His father pulled up in the car. His old man carried the box and dropped the junk onto the field. The box thunked in the snow and a sneaker fell out. Then his father ran to get the turkey.
You want to kick the turkey, his old man yelled at him. Let's fucking kick it then.
I want to tell you something, John yelled back. I don't want anything from you.

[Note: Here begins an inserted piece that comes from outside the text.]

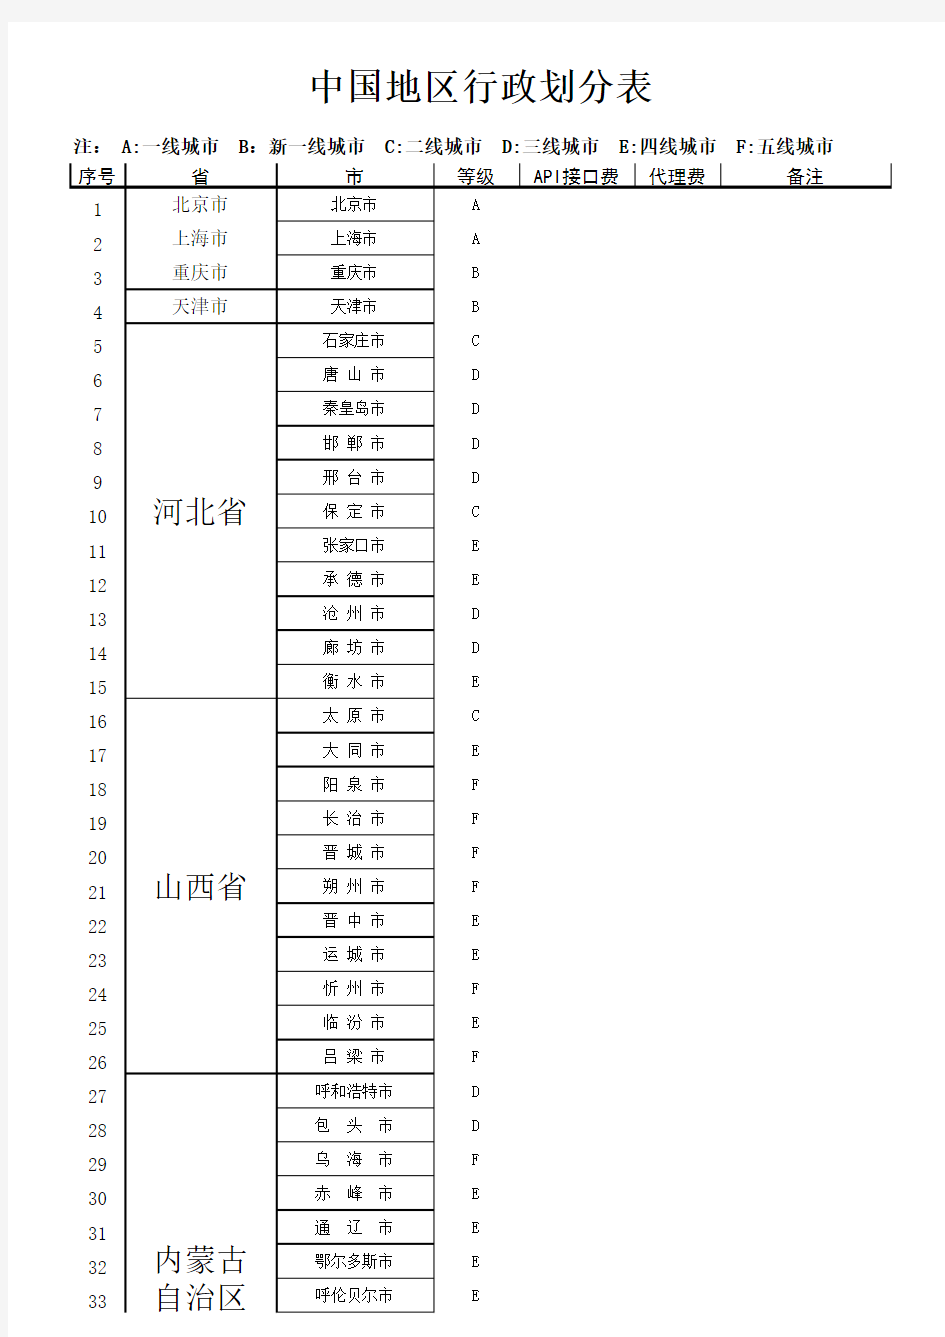 2018年最新中国地区省市县行政划分表

I don't want to hear a goddamn thing, his father said. Let's kick this thing.
John watched him jog up to the tee. His face was red. His old man planted the bird on the tee, holding it with the tip of his fingers.
We'll have to move it closer, John said. It's too heavy.
His father moved the bird and the tee ten yards closer.
John stood there, watching him. Then he backed up, hearing the crunching of the icy ground, and kicked the bird dead-on through the uprights, stuffing flying out, the right wing breaking off at impact. His father ran after it and brought it back, a stub of wing-bone sticking out.
You want to fucking kick the bird, his father said. You want to do whatever you want. Fine.
His father teed it up again and John kicked it through again. Pieces of turkey flew apart, another wing, but it was a stubborn bird, knew which season it was, and it held together. The ice sheeted down now, mixing with snow. John's face was wet and cold. His father's hair was coated white. His old man's eyebrows were crusting over.
John ran to get the bird again. His father teed it up and John put it through. He got it again and brought it back. John was winded now, sweating, and it was cold. His right foot ached. The turkey was going to pieces. A piece of skin flapped around and the meat had shredded in spots. A wind picked up and John looked over at the pile of old junk, layered in ice. He started laughing.
His father was yelling through the snow and the wind, Again. Let's go again.
Pieces of the turkey were strewn across the ice, covered in the storm. John felt the cold on his face, and knew that his nose and ears were tipped red, the way his father's were.
You want to kick it, his old man said. Let's kick the shit out of it. Let's really fucking kick the hell out of this thing.
John took his normal drop back, just like he used to do, and got ready to kick it again.
It's time that I said something, he said.
But he didn't know what it was anymore.
He watched the snow covering his father's hands. They were shaking, holding the turkey, shivering. The box of old junk on the field was covered with snow and ice. John imagined that if you could find the perfect piece of ice and lift it up maybe everything would stick to it and come up easy like a scab, and you could see beneath the surface to some warmth. John watched his old man freezing there, and felt his own face and foot freezing, going numb, and decided to keep kicking as long as he could.